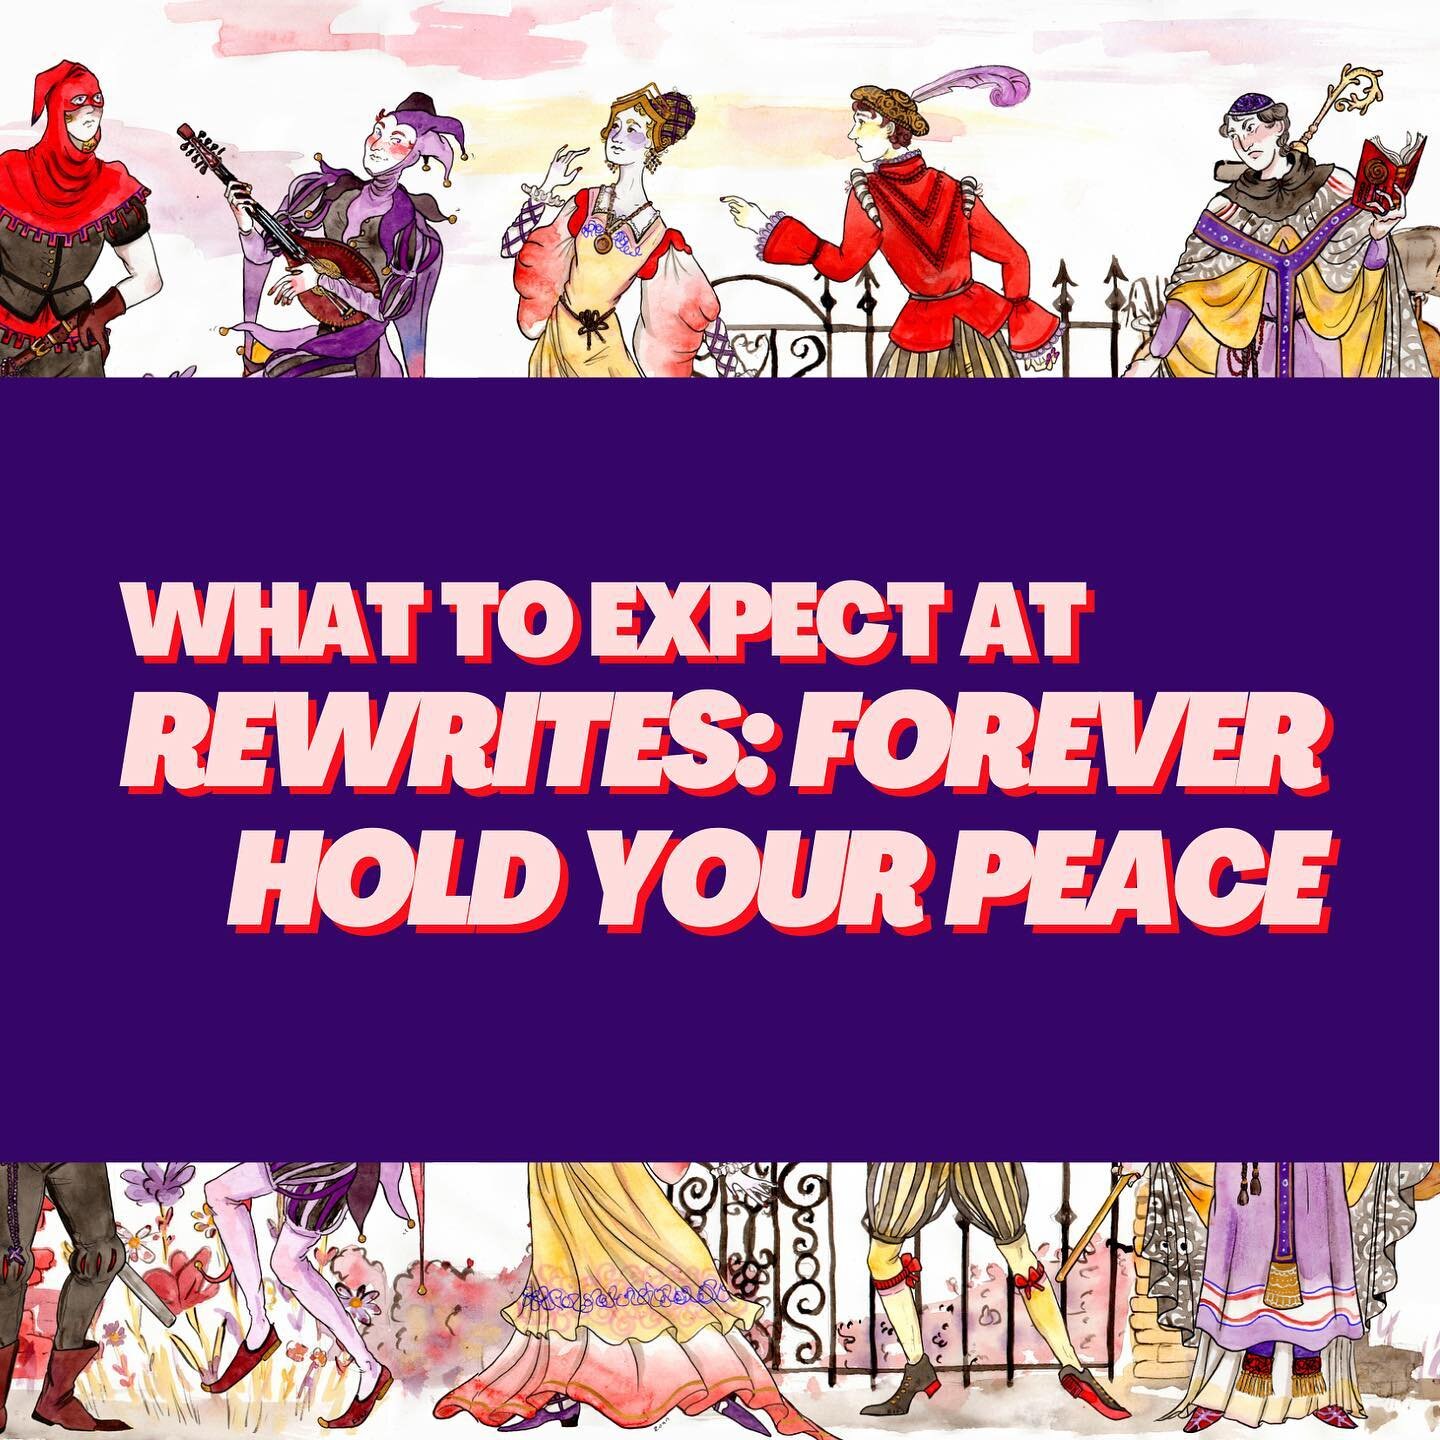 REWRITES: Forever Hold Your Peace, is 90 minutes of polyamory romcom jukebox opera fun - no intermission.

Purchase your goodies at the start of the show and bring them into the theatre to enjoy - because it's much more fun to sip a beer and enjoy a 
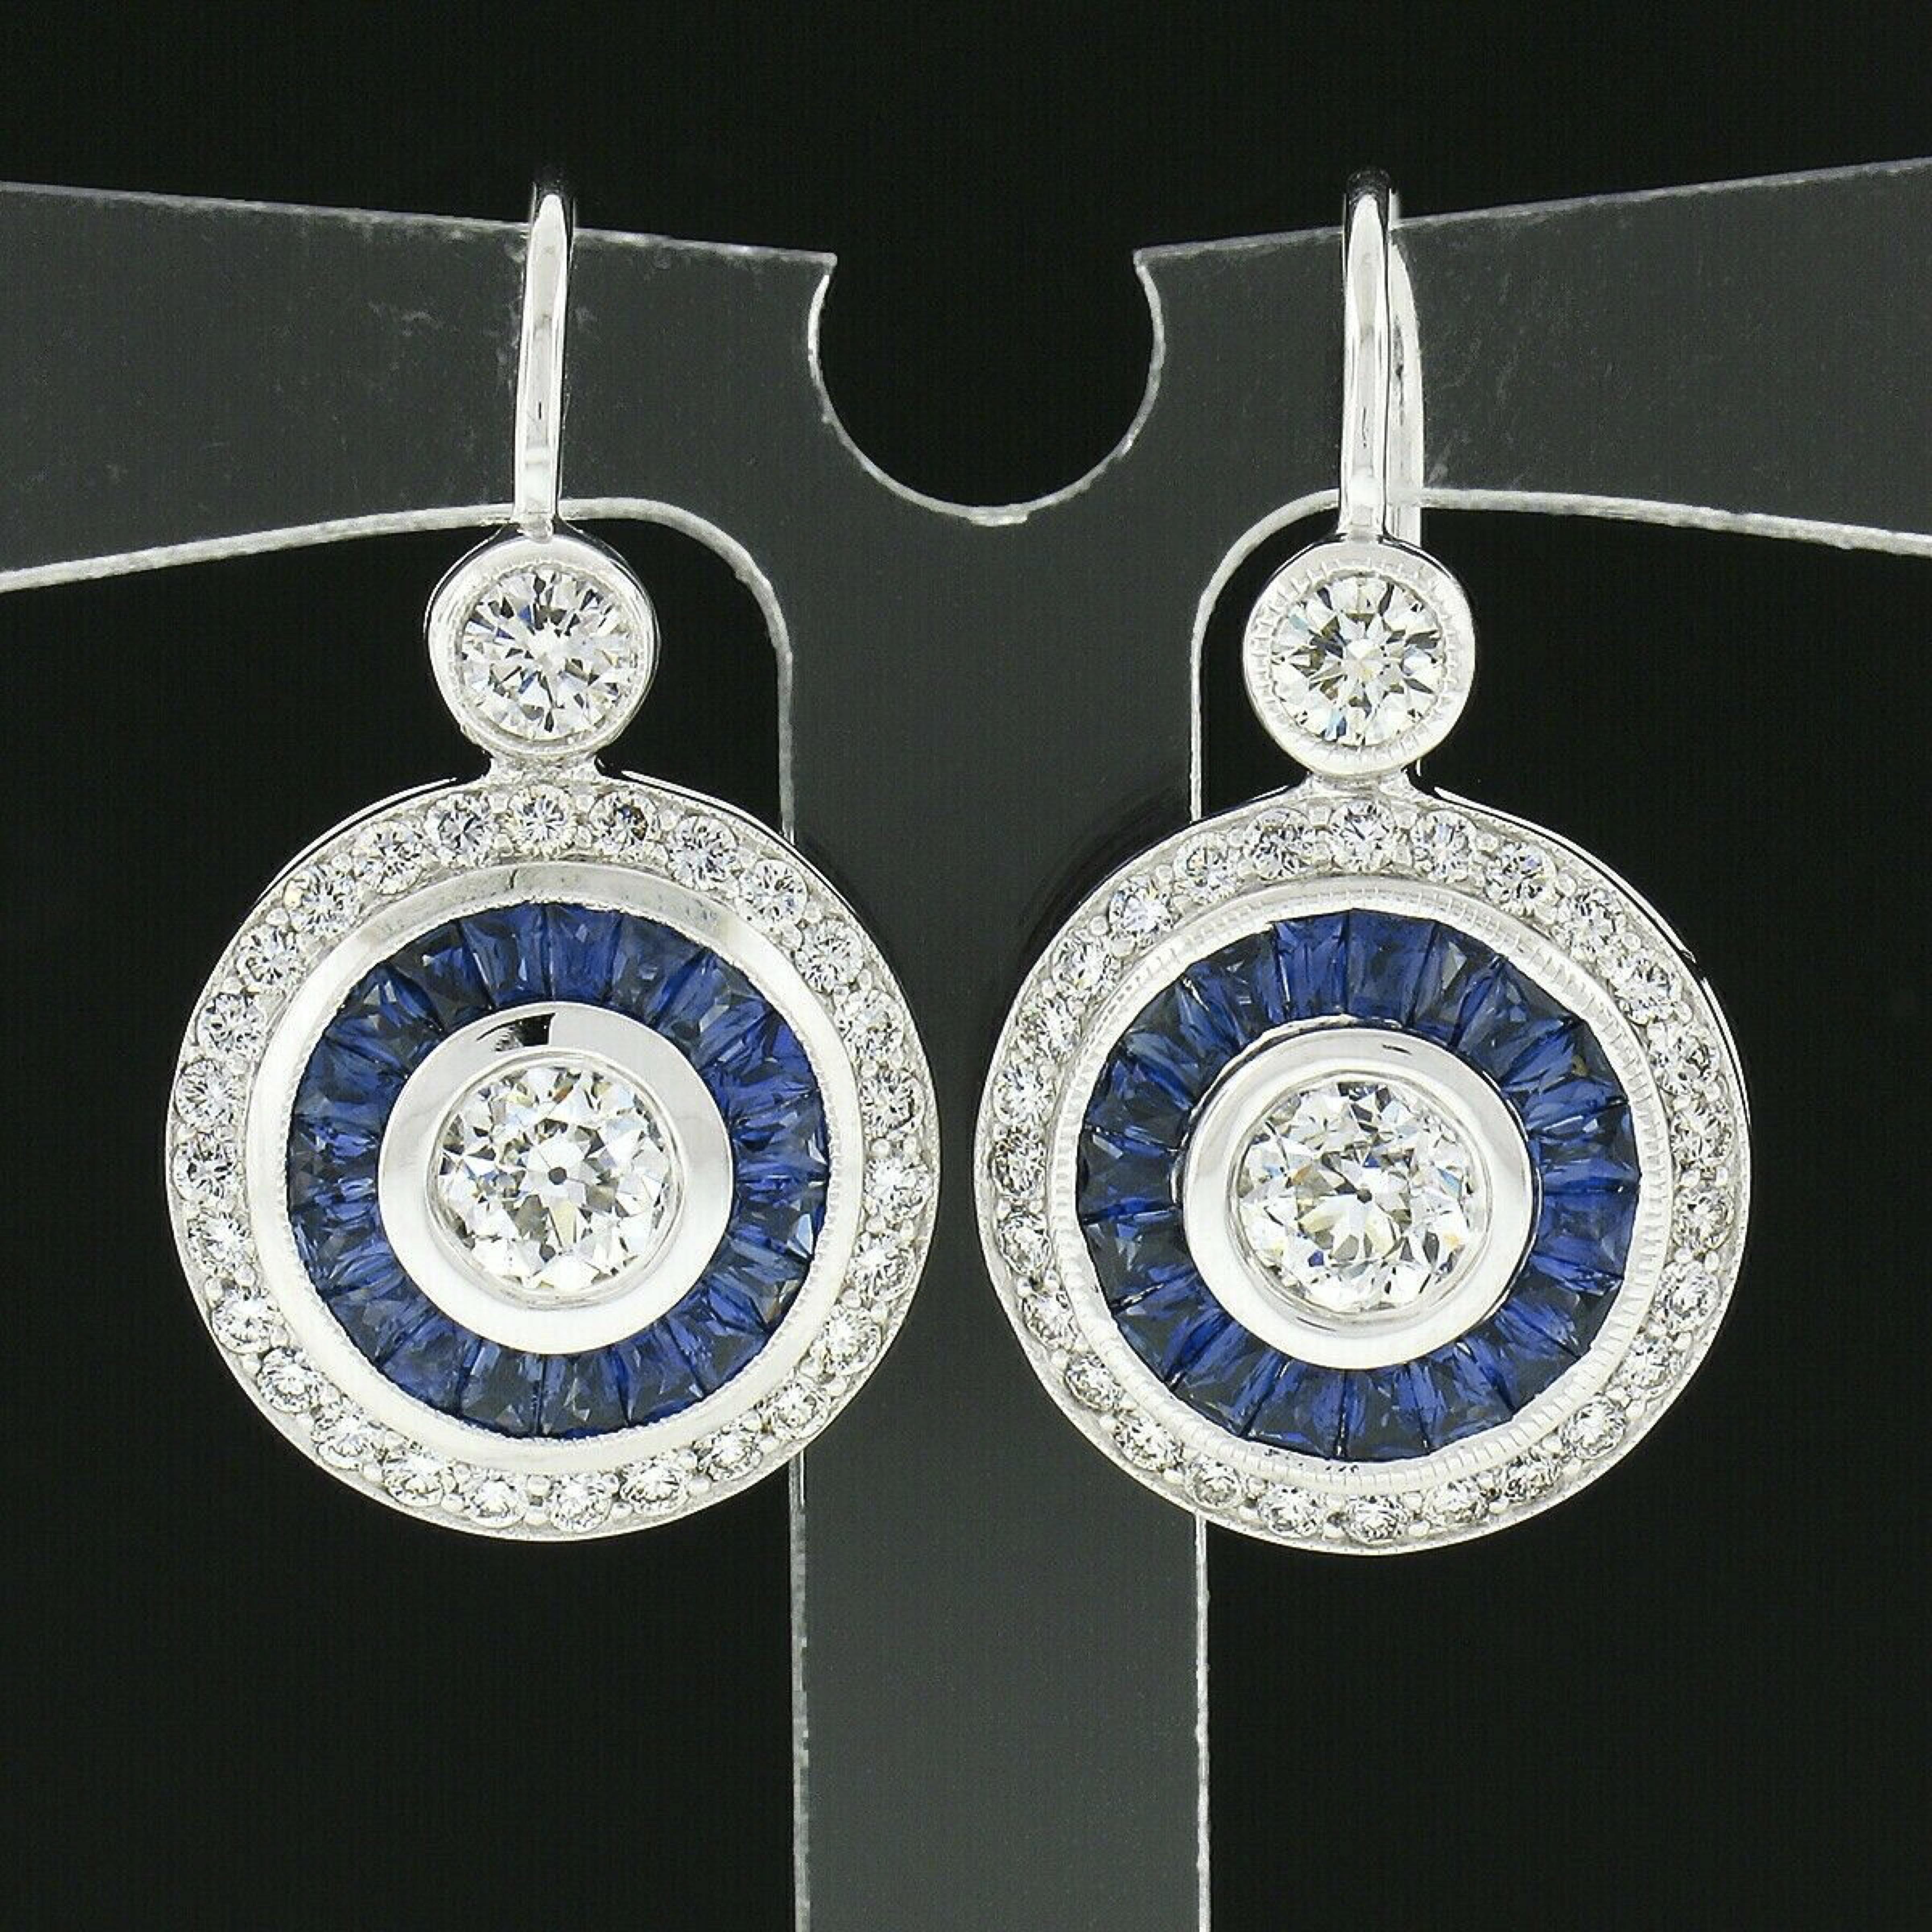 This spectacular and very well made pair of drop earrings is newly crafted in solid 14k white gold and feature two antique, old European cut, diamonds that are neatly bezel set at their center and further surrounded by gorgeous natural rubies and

* * * * * * * * *

Aim of the task:
Starting from the first line of the listing above, write out every line exactly through the one containing "Purchase your goodies", and drop the pictures.

Worked solution:
 REWRITES: Forever Hold Your Peace, is 90 minutes of polyamory romcom jukebox opera fun - no intermission.

Purchase your goodies at the start of the show and bring them into the theatre to enjoy - because it's much more fun to sip a beer and enjoy a 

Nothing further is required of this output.